-- Work instructions --
Without including any pictures, give back all of the data exactly.

-- Provided data --
* * * * * * *

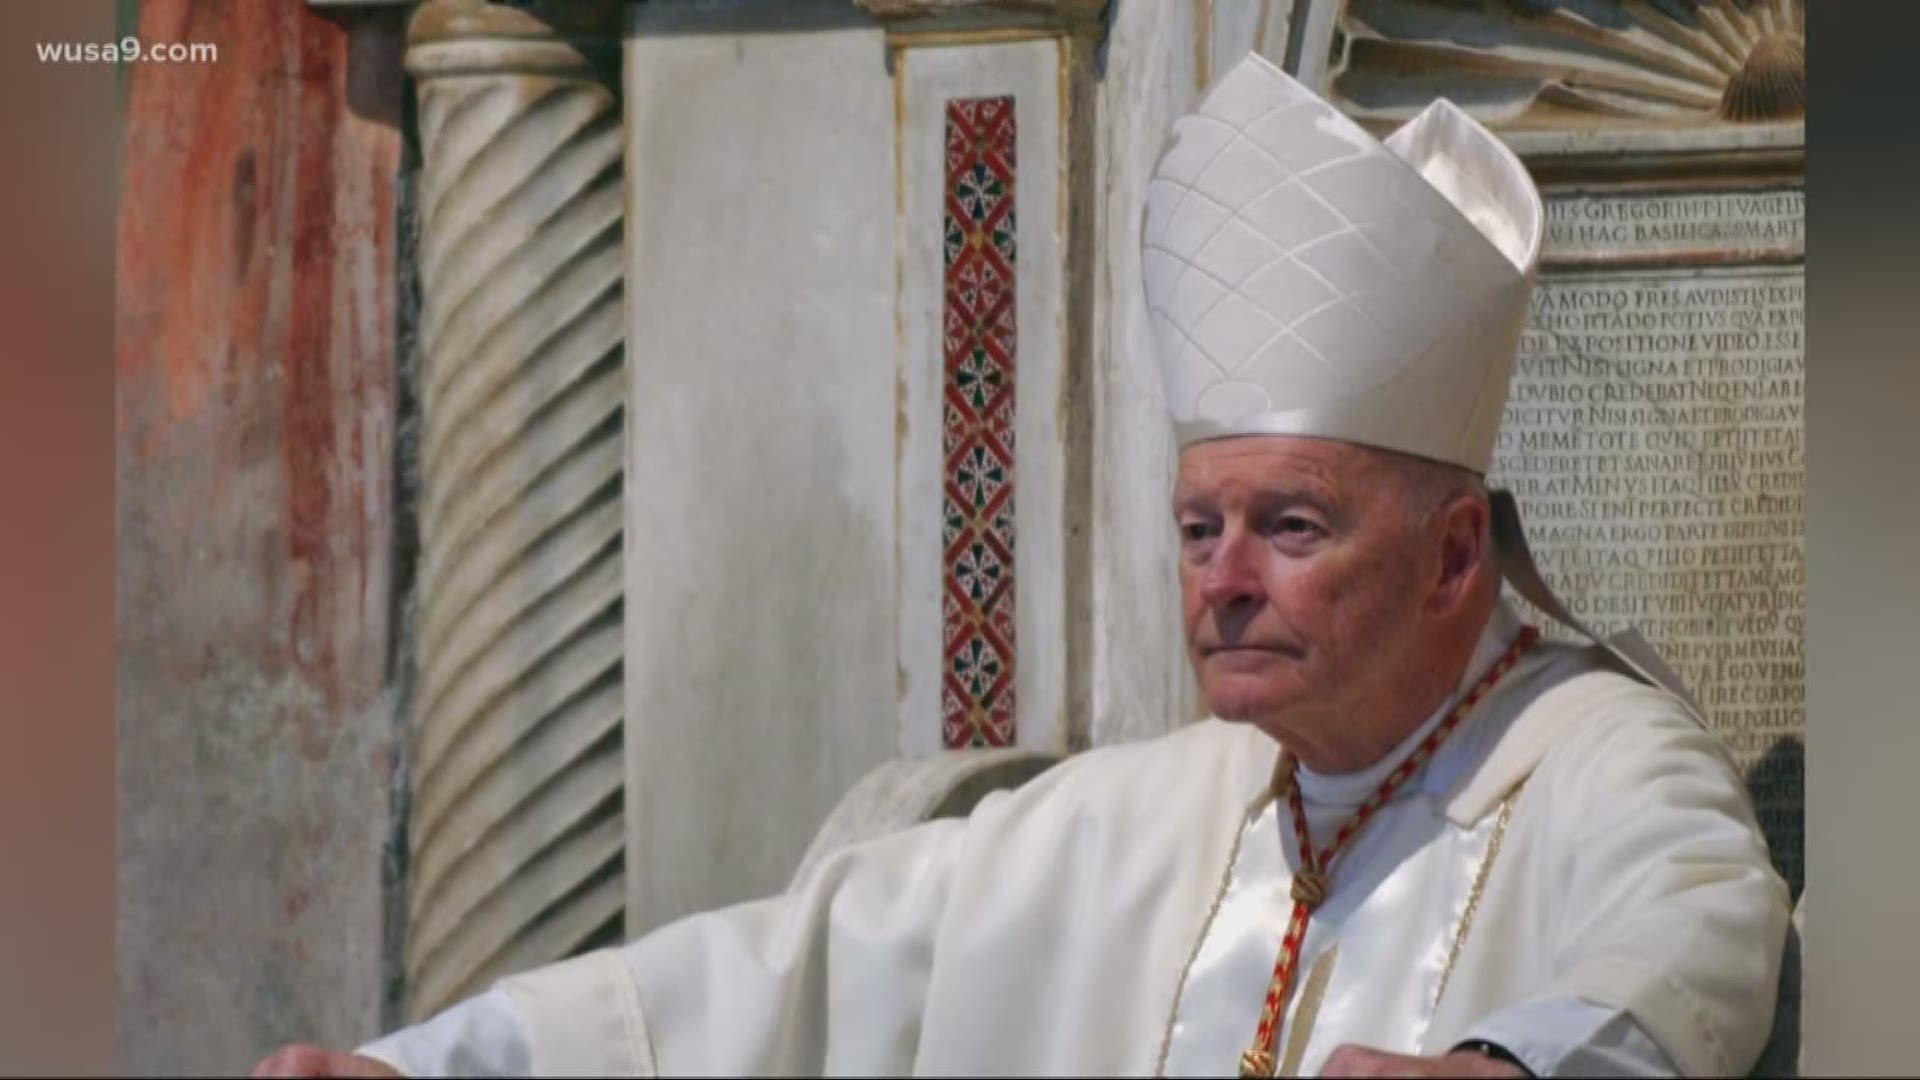 Cardinal Theodore McCarrick served as priest for more than 60 years and was the Archbishop of Washington from 2001 to 2006. Our Andrea Roane has more on McCarrick's history within the Catholic Church.
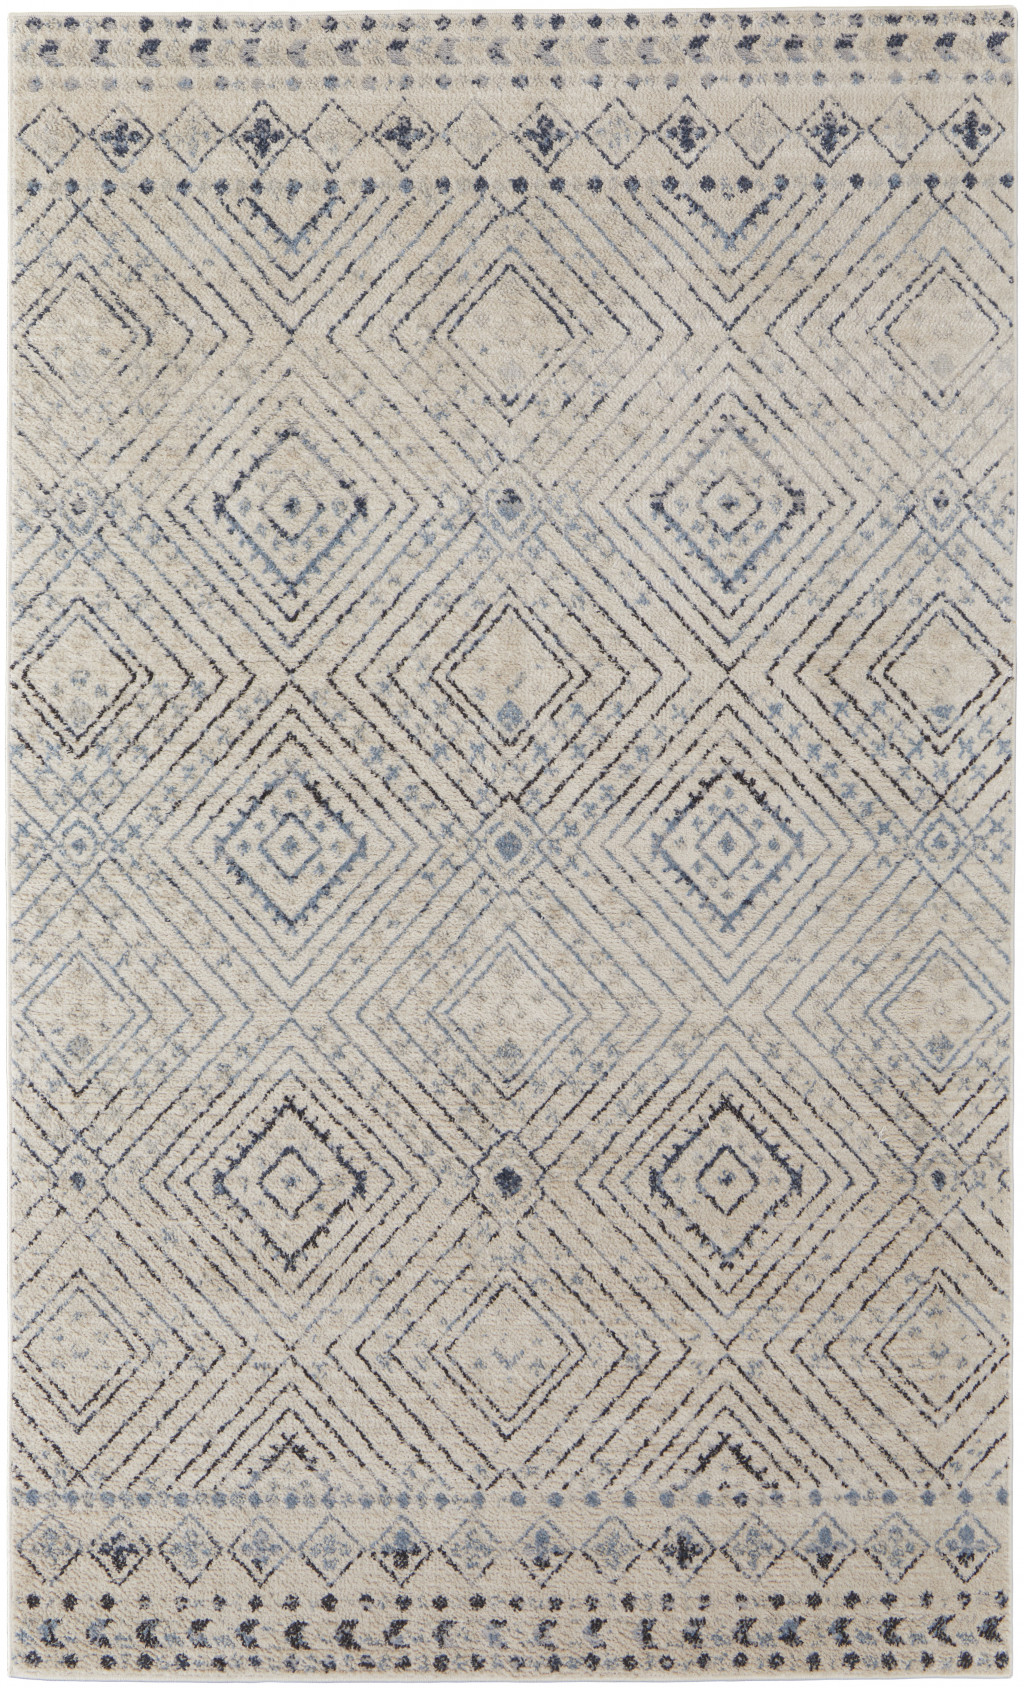 8' X 10' Ivory Blue And Gray Geometric Power Loom Distressed Area Rug-513299-1
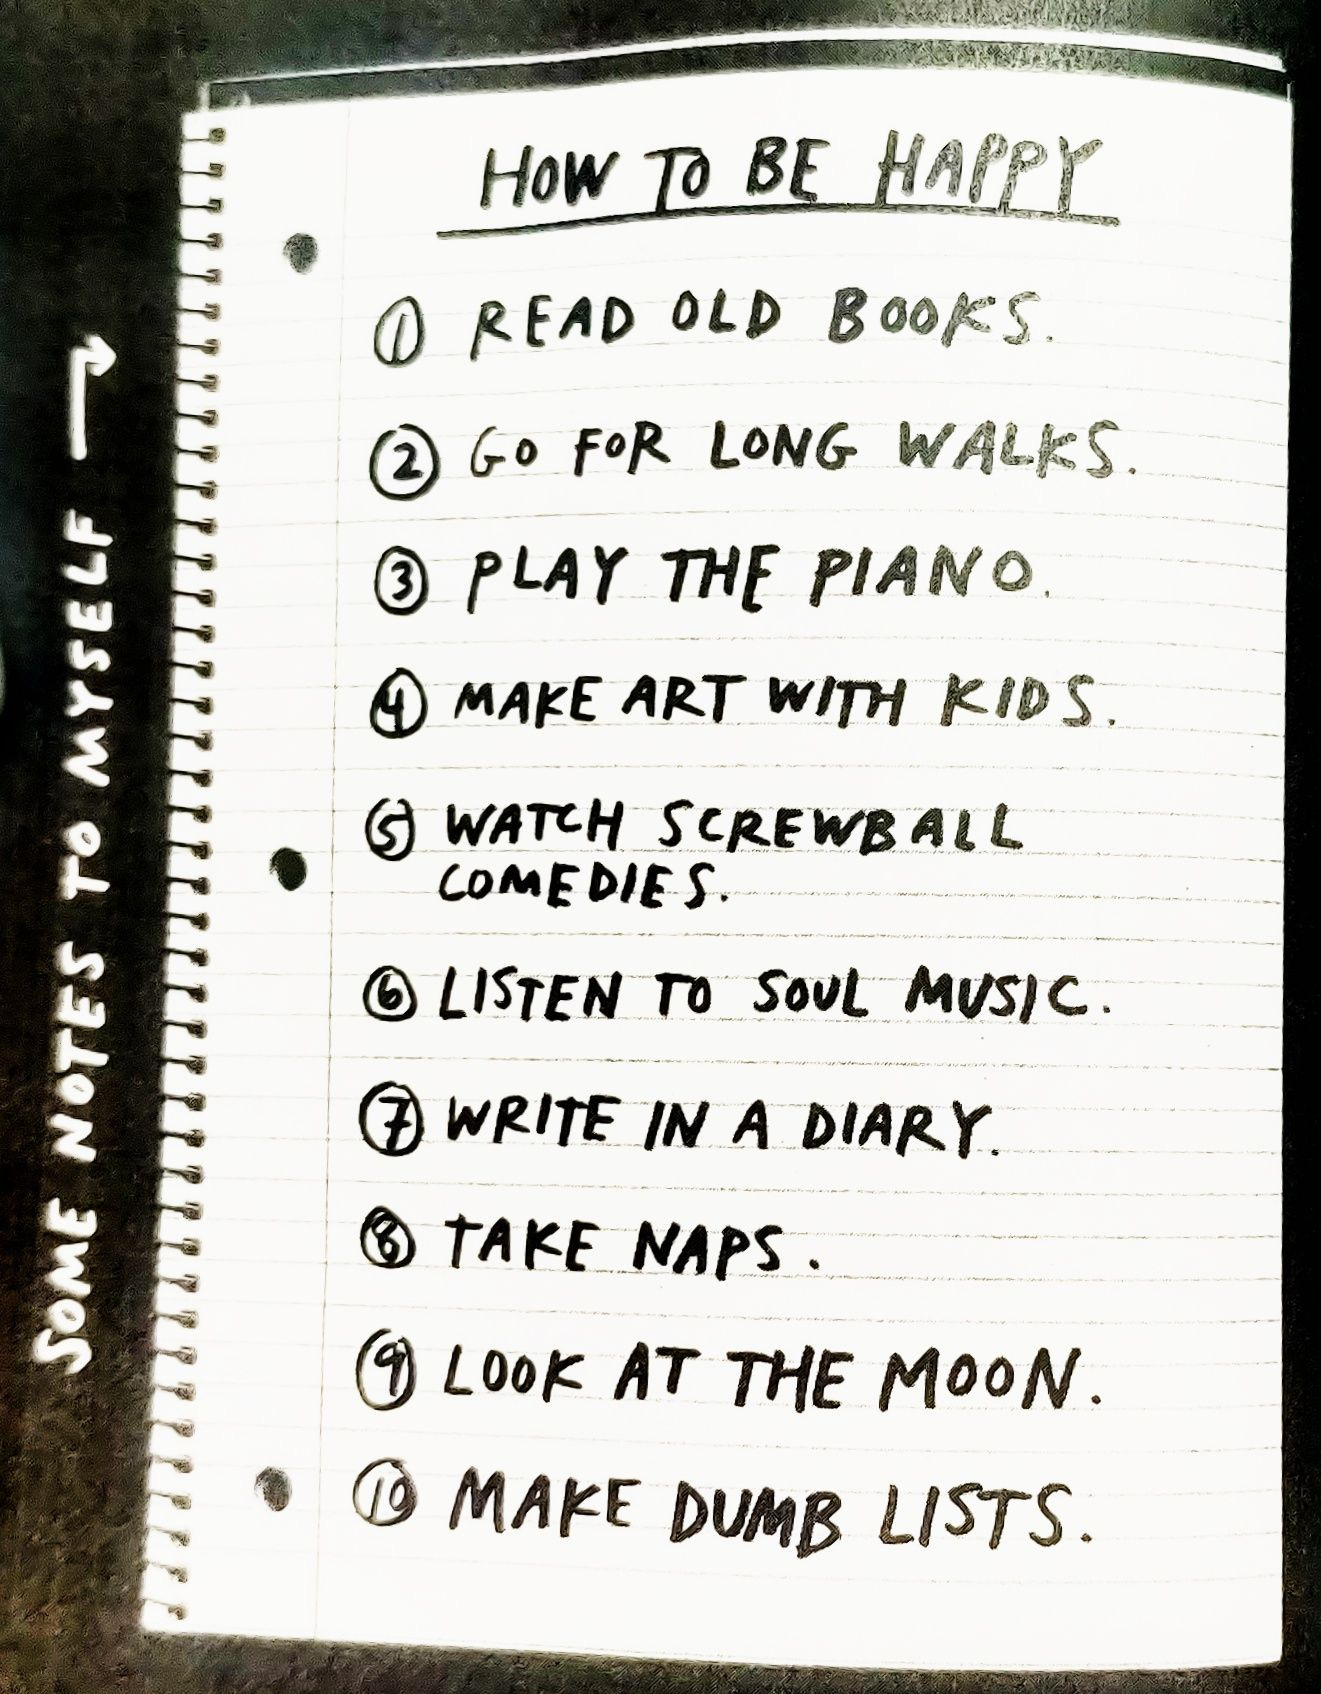 Austin's list on How to Be Happy (Source: Keep Going)
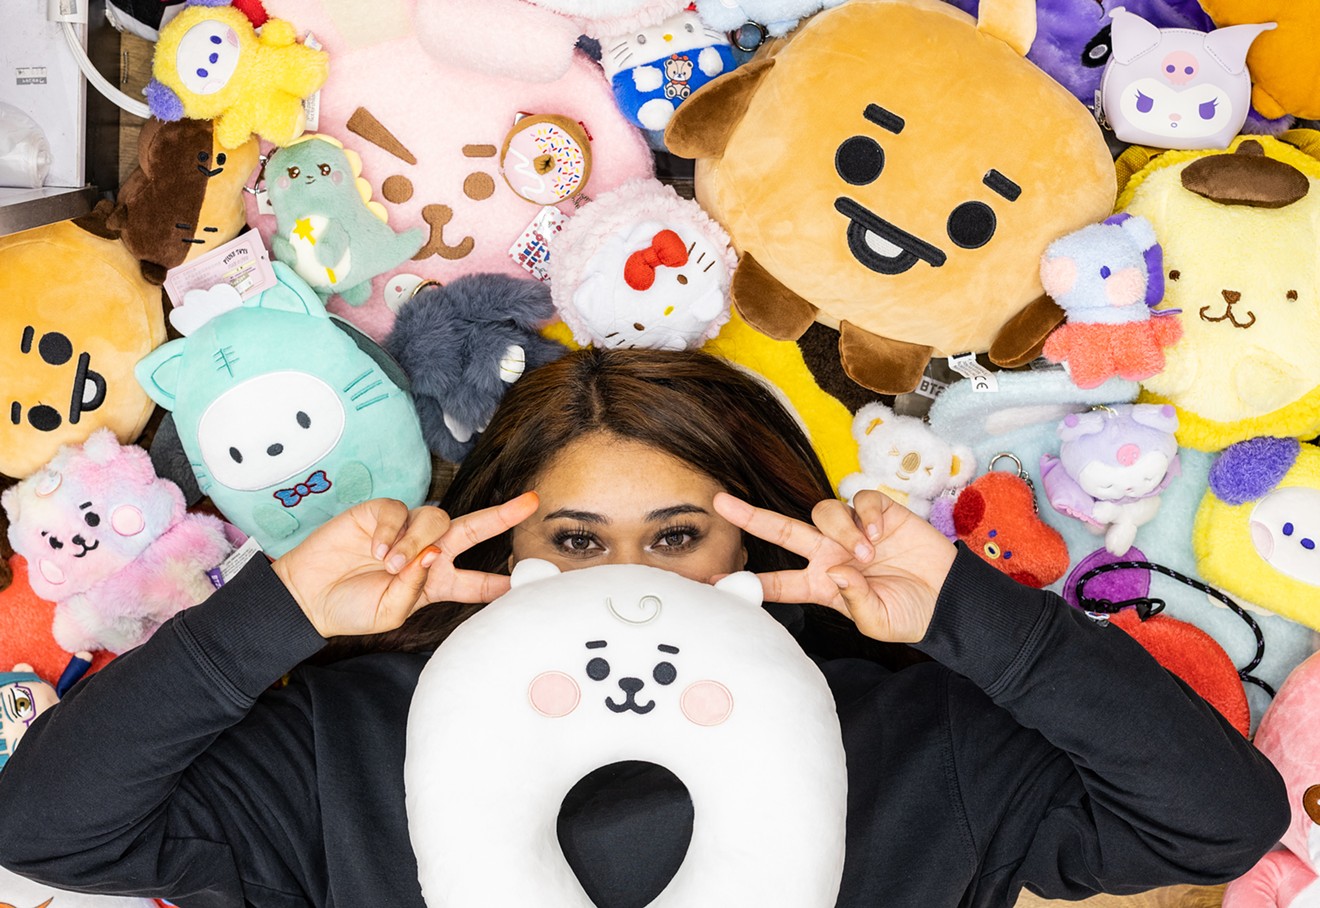 Pink Box Manager Rose Miller poses with plushy merchandise at the Korean novelty store.

* * * * * * *

-- Response --
 Cardinal Theodore McCarrick served as priest for more than 60 years and was the Archbishop of Washington from 2001 to 2006. Our Andrea Roane has more on McCarrick's history within the Catholic Church.
 8' X 10' Ivory Blue And Gray Geometric Power Loom Distressed Area Rug-513299-1
 Austin's list on How to Be Happy (Source: Keep Going)
 Pink Box Manager Rose Miller poses with plushy merchandise at the Korean novelty store.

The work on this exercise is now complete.